2013 Audio (links are to audio versions)

***** The Dinner – Herman Koch (read by Clive Mantle). The cover design of this book sums it up. A “nice dinner out” turns into an emotional conflagration, when two brothers–one a rising politician, one an inactivated teacher–and their wives meet one evening at a trendy restaurant. Talk about an unreliable narrator! Not Clive Mantle, who wields his voice like a butcher knife when expressing the contempt the story’s first-person narrator feels for his more successful sibling. He is so sly and witty as he punctures the absurd pretensions typical of today’s upscale restaurants that the reader (me!) is totally on his side, until . . . a snowball of doubt creeps in, and starts rolling down the mountainside. Wonderful!

**** The Professor of Truth – James Robertson (read by Cameron Stewart). Superb narration of this fascinating book, a fictional interpretation of the plane crash over Lockerbie, Scotland, and one husband’s relentless 20-year effort to find those responsible for the deaths of his wife and daughter. It’s a beautifully written mystery tale, a story of self-discovery, and a search in a cavern of secrets with a penlight. What is most important is what Alan Teiling finally finds out about himself, some 20 years on, and what it is to let your life be absorbed in pursuit of the unknowable, however high-minded the quest. Semi-based on real characters, and the perils of reinterpreting a controversial reality are explored here.

** One Fearful Yellow Eye – John D. MacDonald (narrated by Robert Petkoff). I didn’t remember reading any of the legendary Travis McGee novels, and bought this one on sale. Published in 1966 it was a real walk back through time. And not a very pleasant one. The women characters were treated like bimbos or diabolical schemers. At least MacDonald (through first-person narrator McGee) acknowledged that the idea of a manly man, like McGee, using his lovemaking expertise to thaw the Ice Maiden, was a bit of a ridiculous cliche, but then, he used it! Twice!! Also, a deus ex machina of eye-rolling proportions. Curiosity satisfied.

**** Spilled Blood – Brian Freeman (narrated by Joe Barrett).

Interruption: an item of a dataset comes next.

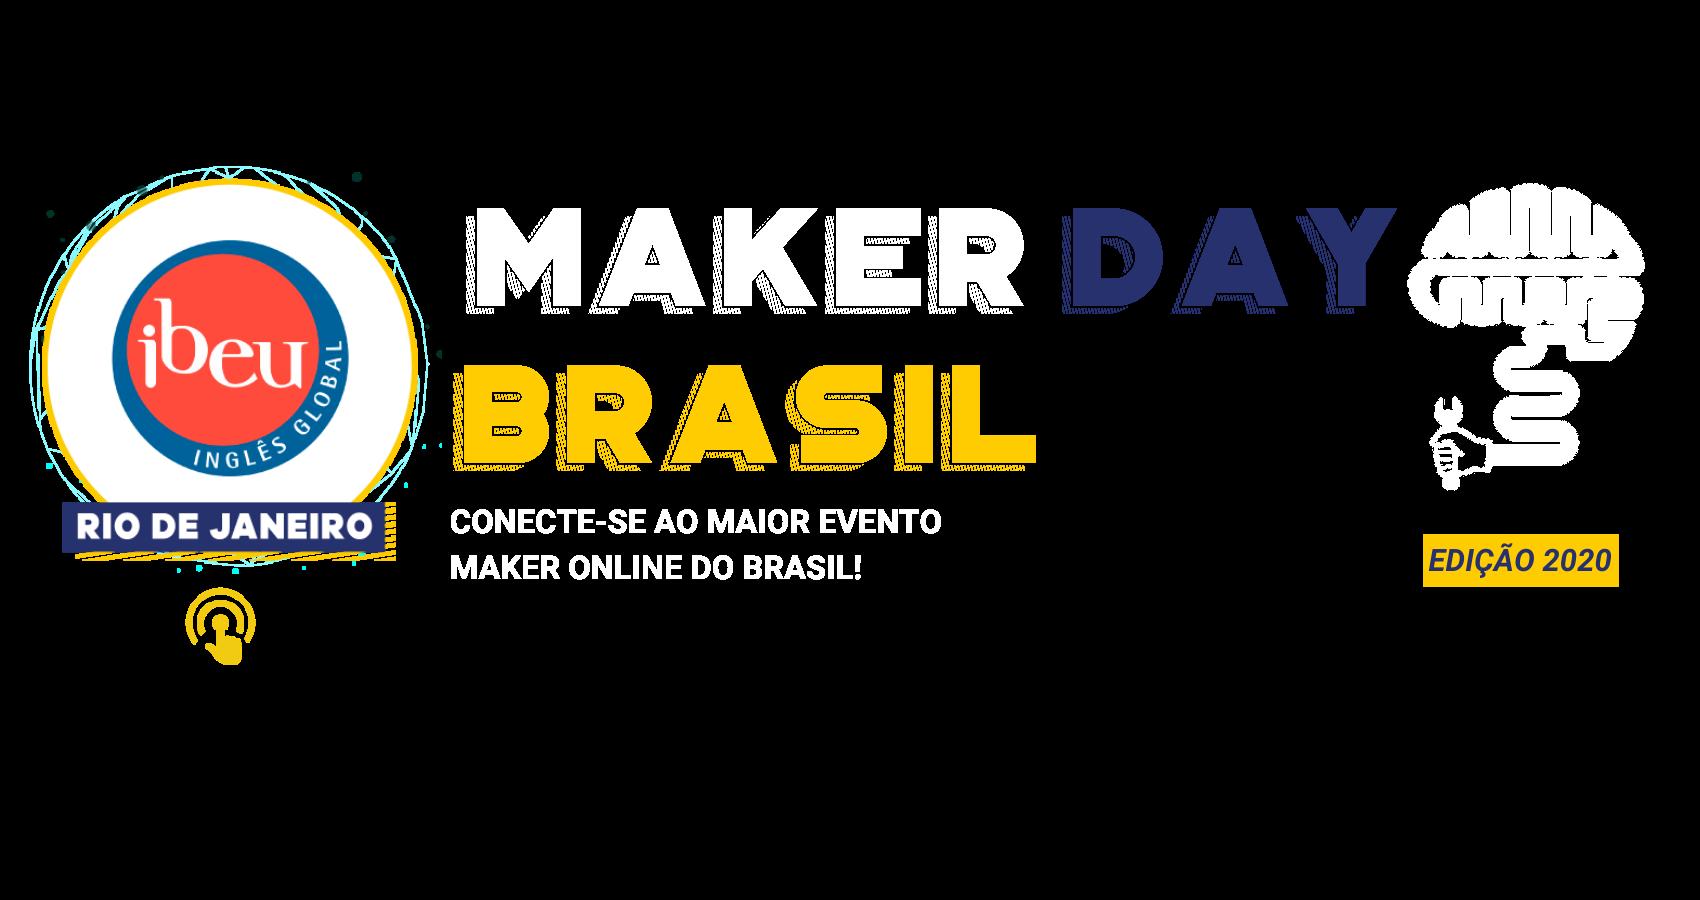 Maker Day Brasil Capa Rio de Janeiro

Winner of the International Thriller Writers’ best book of the year, it shows you can write a thriller without over-the-top viciousness (though there is some, of course) or making the stakes unbelievably stratospheric. Two towns and a growing animosity between them, as the industry in one town slowly poisons the children of the other. Or not. Nice reading, too.

***** Billy Lynn’s Long Halftime Walk – Ben Fountain (narrated by Oliver Wyman). A finalist for the 2012 National Book Award and winner of the National Book Critic’s Circle Award, I can’t recommend this book too highly. For a war novel, there’s almost no war in it, remarkably; it’s about the victory tour given to the young members of Bravo squad who performed a particularly brave Iraq action fortuitously (or not, depending) caught by Fox News cameras. The culmination of their stateside tour and most of the action of the book takes place at the Thanksgiving Day game at Cowboys Stadium. There, the disconnect between what they know and have seen and the flatulent patriotism of everyday Americans approaches–and probably surpasses–irreconcilability. Karl Marlantes (author of the unforgettable Vietnam novel, Matterhorn) calls it “The Catch-22 of the Iraq War.” Hilarious and heartbreaking in equal parts and oh, so well written. If you don’t appreciate irony, you won’t like it. And narrator Oliver Wyman–whom I at first thought I didn’t like–is a genius.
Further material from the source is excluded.